Supplied information:
────────────────────────────────────────

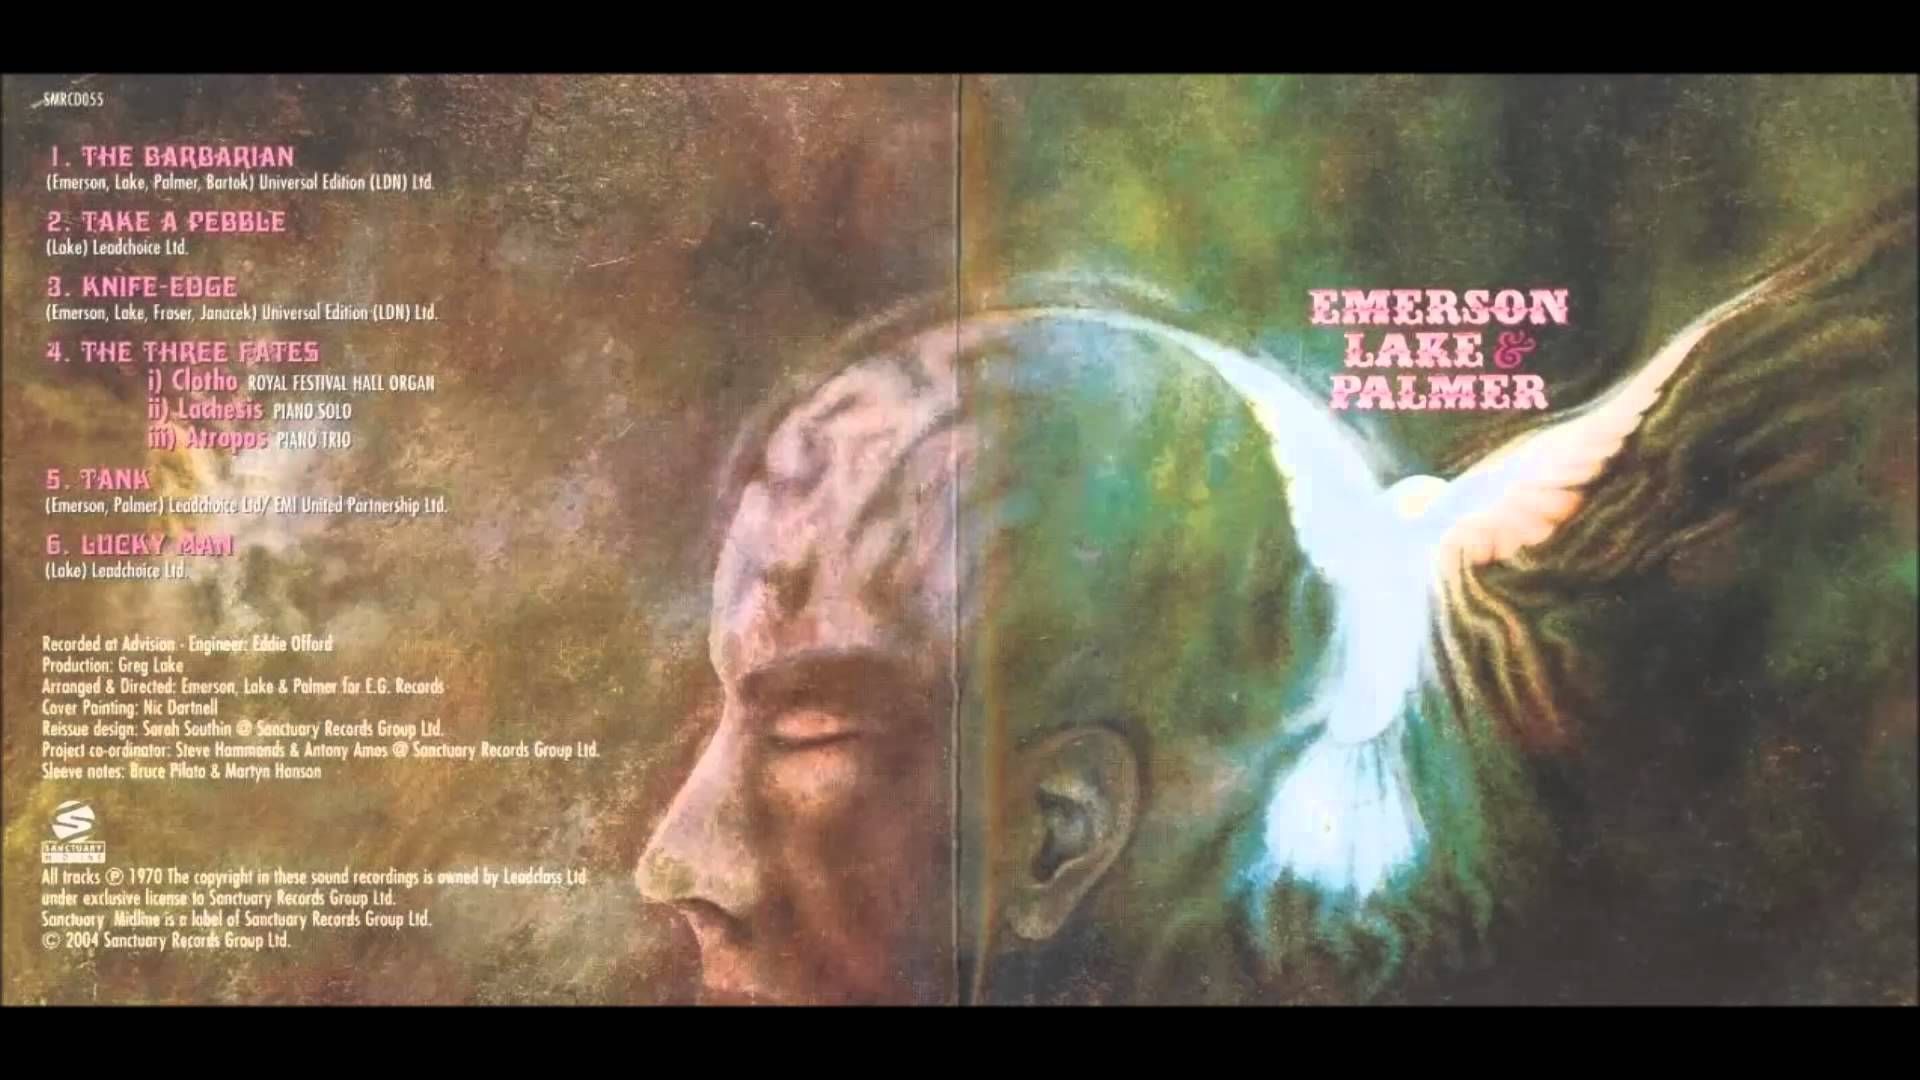 Emerson, Lake & Palmer Wallpapers
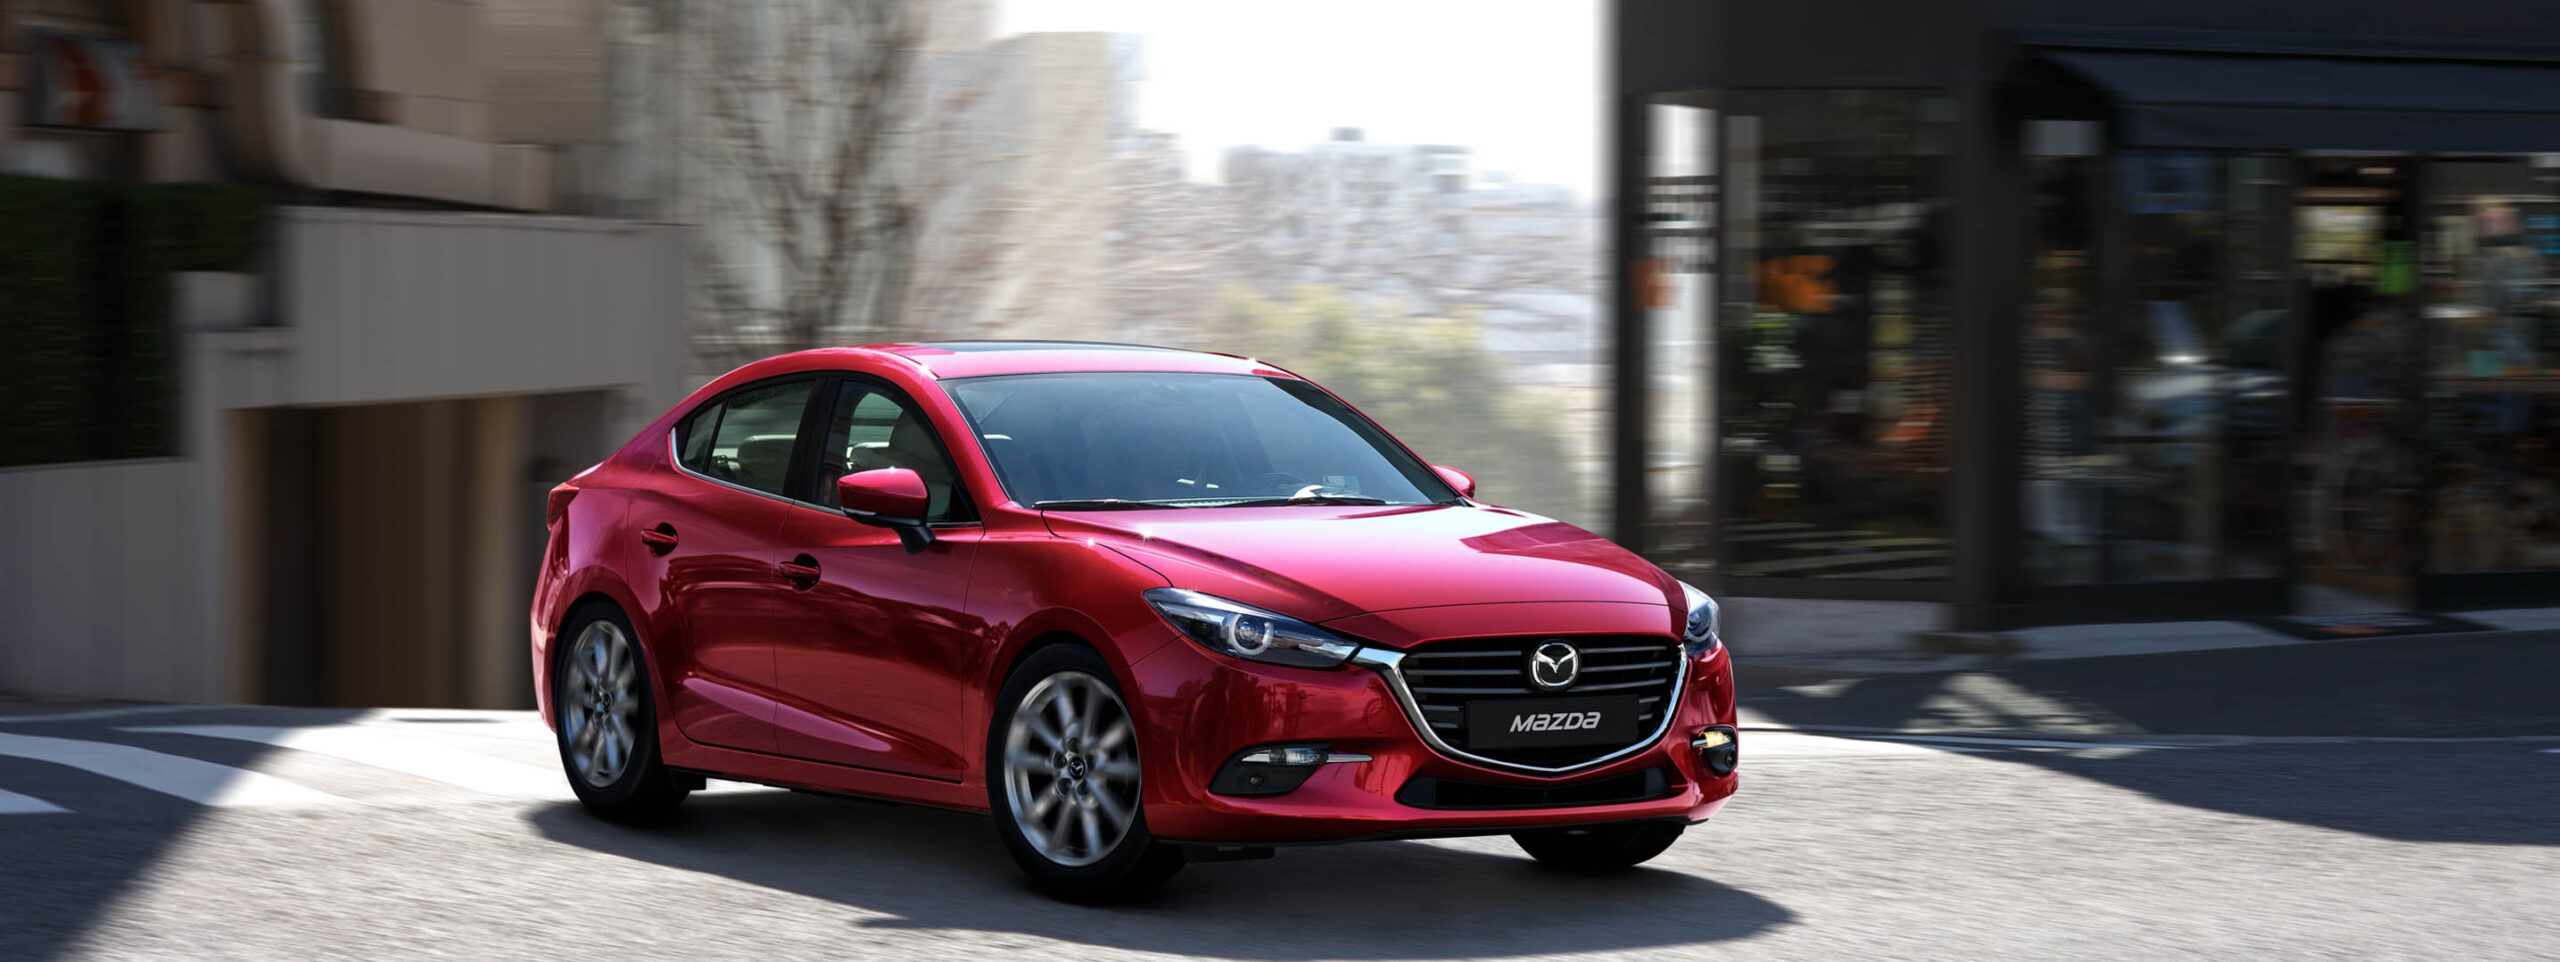 Mazda 3: Bảng giá xe Mazda3 cập nhật tháng 09/2020
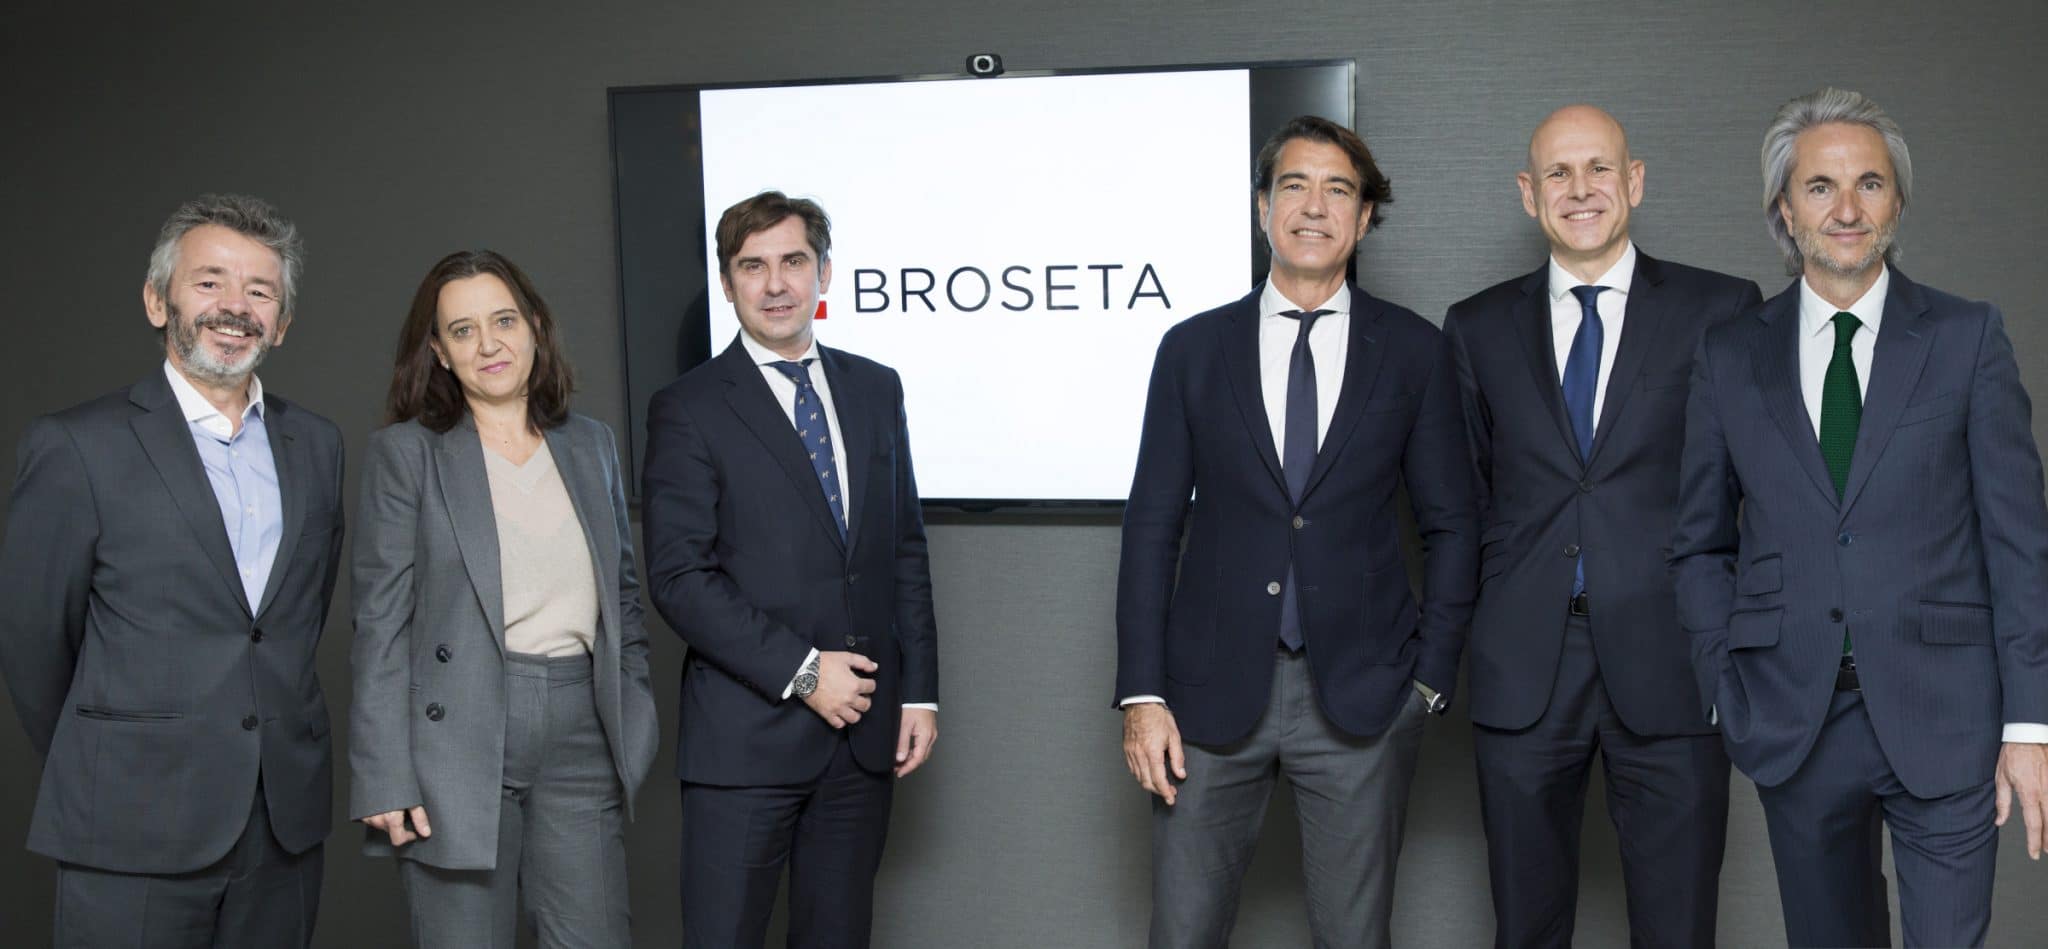 Rosa Vidal, socia directora de Broseta, satisfecha al integrar los equipos que dejan Andersen Barcelona

────────────────────────────────────────

Task objective: Apart from the pictures, every line of the data above should be given again exactly.

Solution:
 Emerson, Lake & Palmer Wallpapers
 Mazda 3: Bảng giá xe Mazda3 cập nhật tháng 09/2020
 Rosa Vidal, socia directora de Broseta, satisfecha al integrar los equipos que dejan Andersen Barcelona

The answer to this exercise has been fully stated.